C'mon John! I'm 130 pounds soaking wet and have never set foot in a dojo in my life, but even I knew what they were talking about. It's a basic exercise in Tai Chi where you and a partner attempt push against one another, but without putting up resistance, and while attempting to cultivate sensitivity to the partner's intentions, so as to predict the direction they are going to push.
Sounds kinda sissy, but that's why taijiquan is so influential as a 'soft' martial art style.
I see what you did thar.
Are you sure that's really winning?
A while ago, I was at a shopping mall and I saw this 15 year old kid playing Street Fighter in front of a crowd of his peers. When I placed my coin on the cabinet to indicate that I was in queue to play, his friends started chuckling. They laughed even harder when I made a Dan-style fist pump after finishing him with a super combo. I guess they thought that it was completely fucking stupid for a 28 year old laowai to congratulate himself for beating someone half his age.
And now I'm posting my anecdote in this thread even though I'll freely admit that it's totally irrelevant.

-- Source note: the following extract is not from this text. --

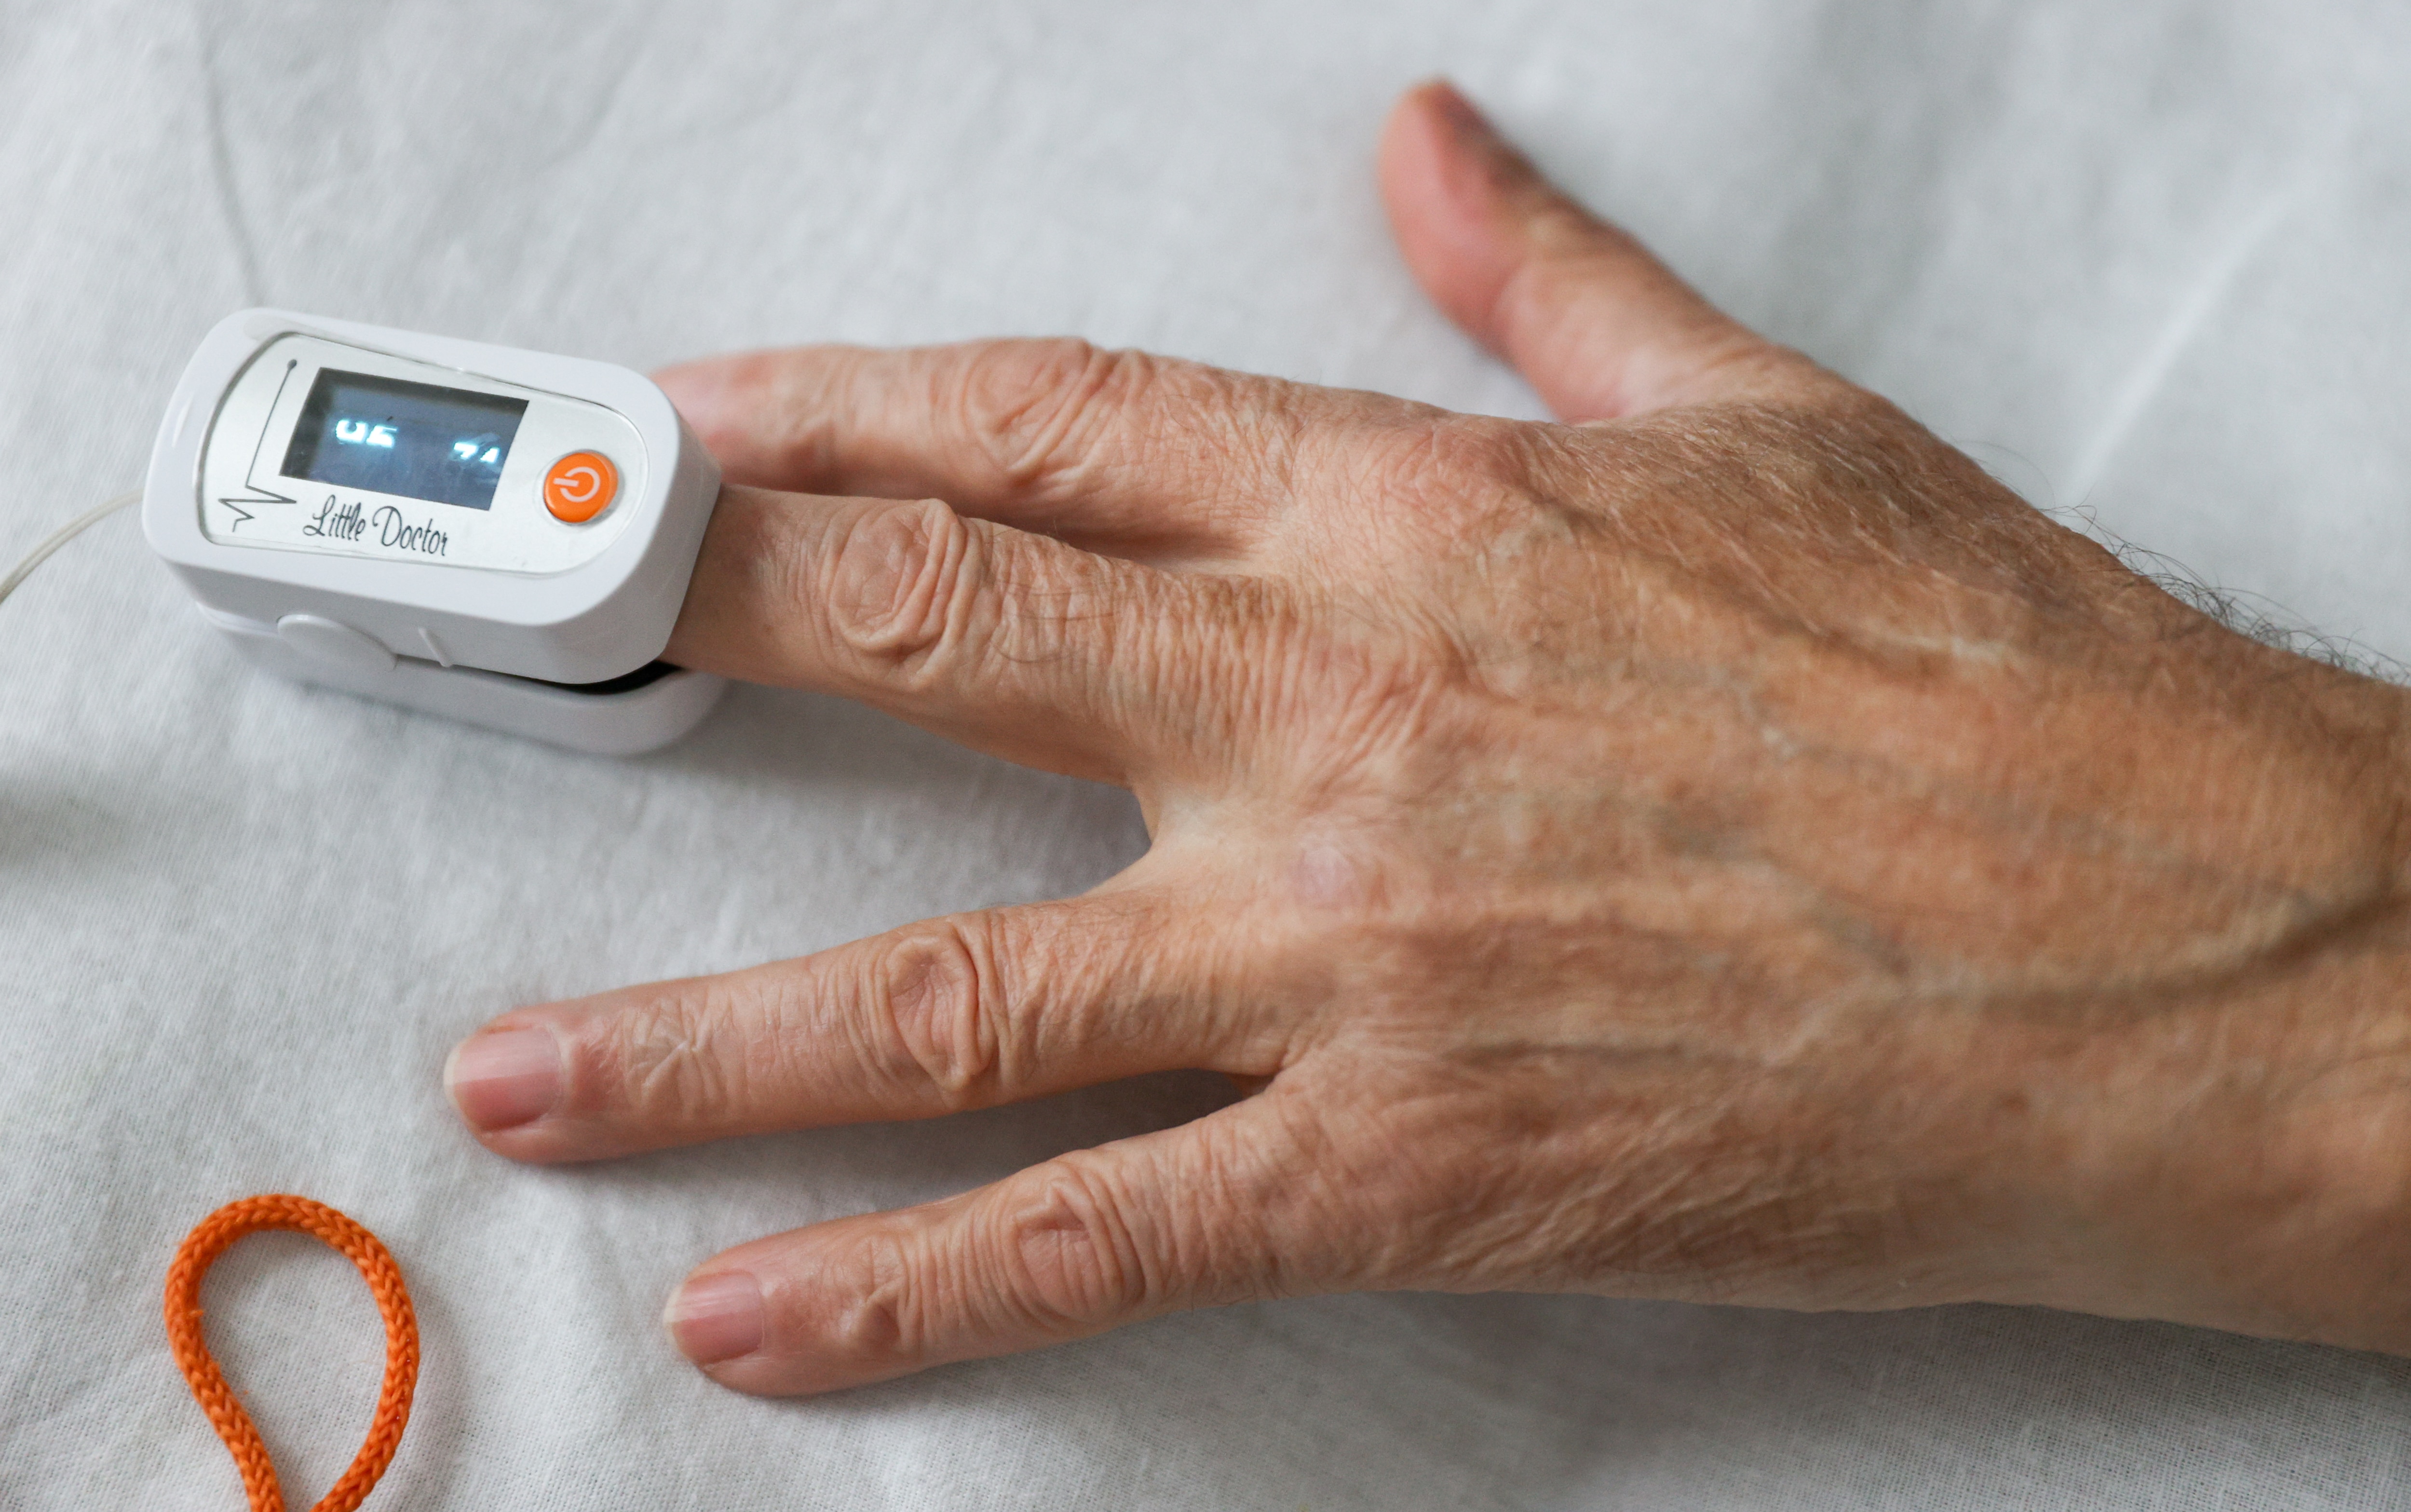 A hospital patient with a pulse oximeter on their finger.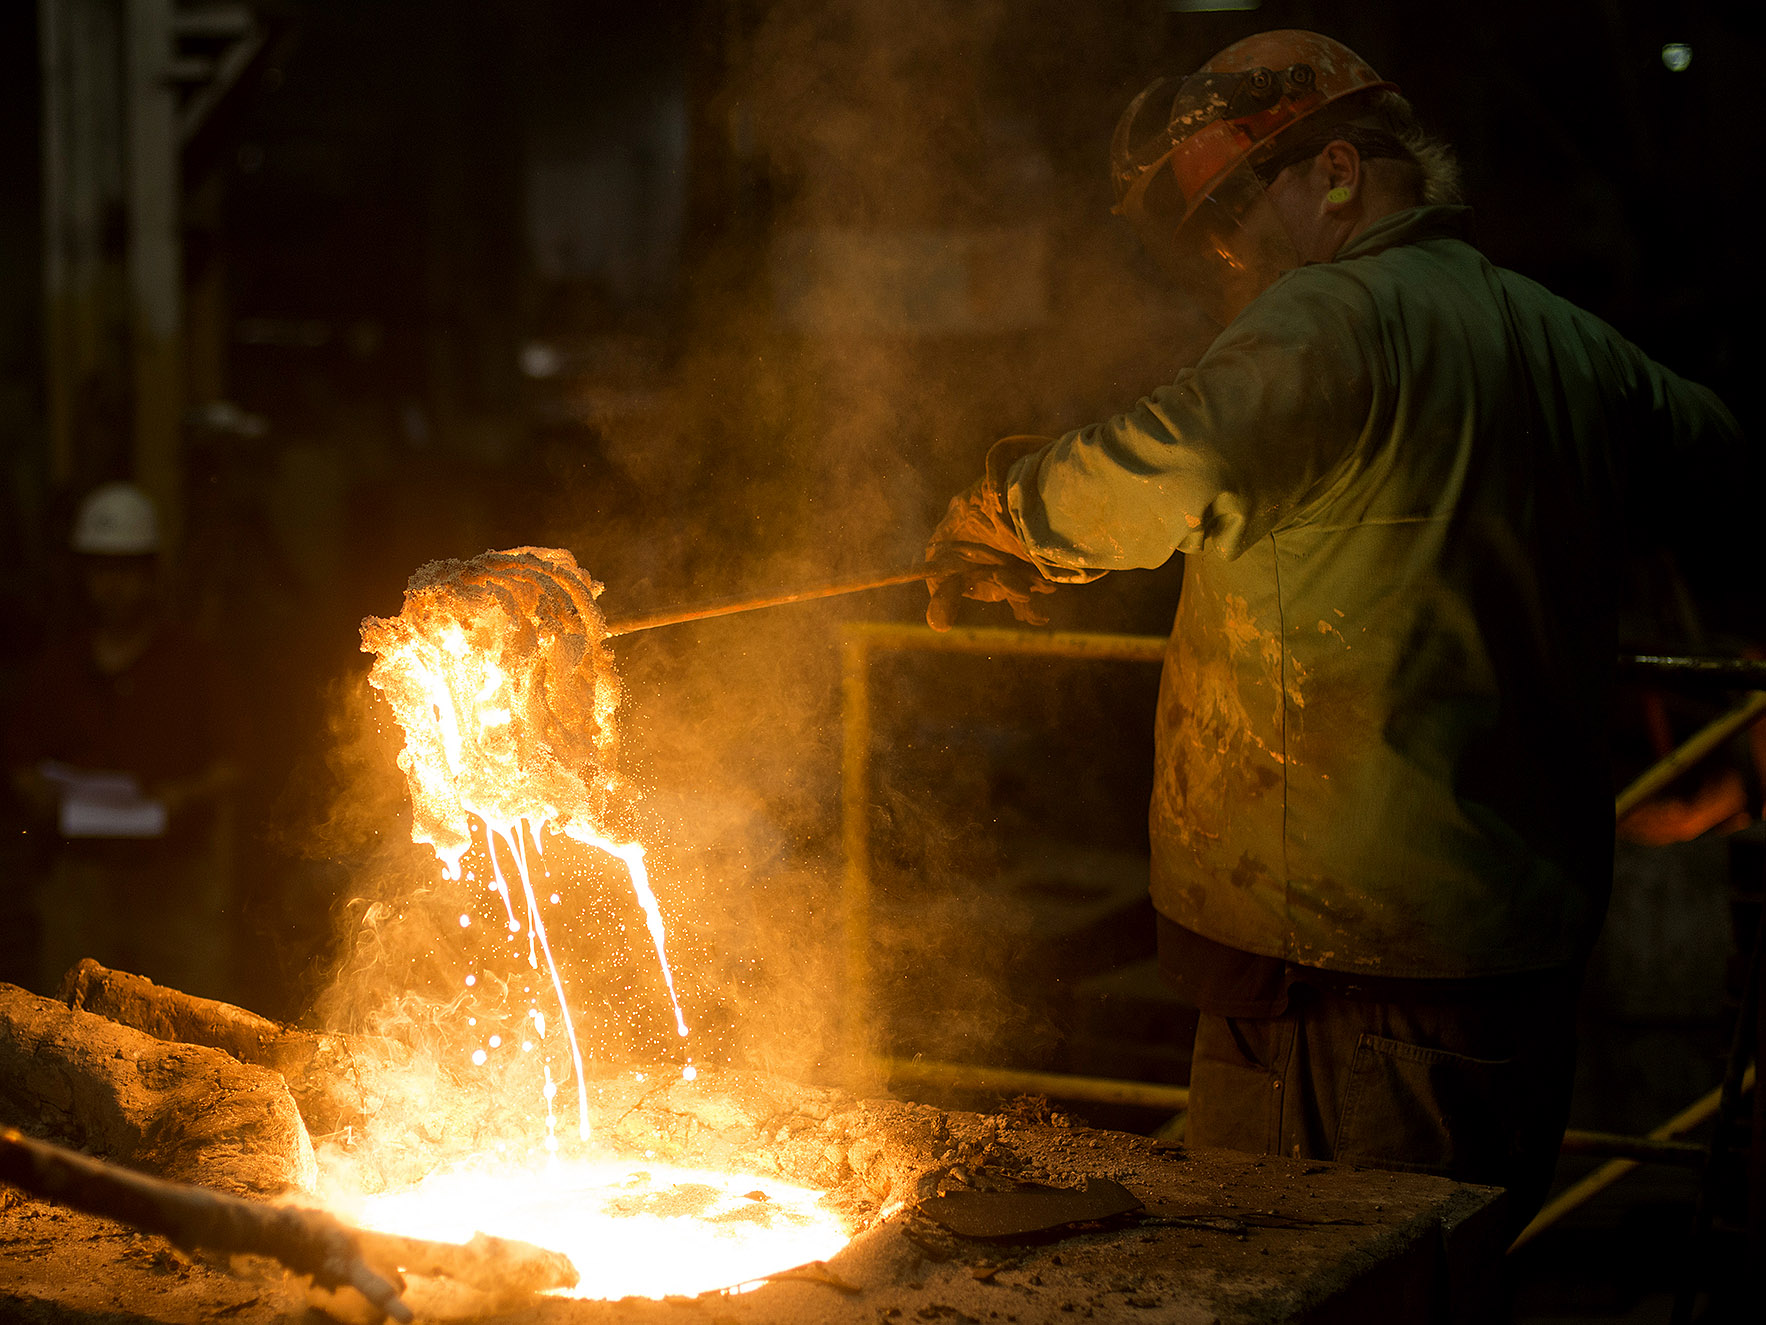 A worker removes slag, a stony waste substance created from the smelting process, from molten metal in a ladle at a facility in Salem, Ohio.

Sorry, John, but I'm busy doing important things, like playing videogames and masturbating constantly. In my stead, I recommend you watch Over the Top with Sylvester Stallone. It's exactly like Rocky, except they're not boxing. They're armwrestling. Doesn't that sound exciting?
They didn't invite me because they thought I would denounce their party as decadent capitalist collaboration.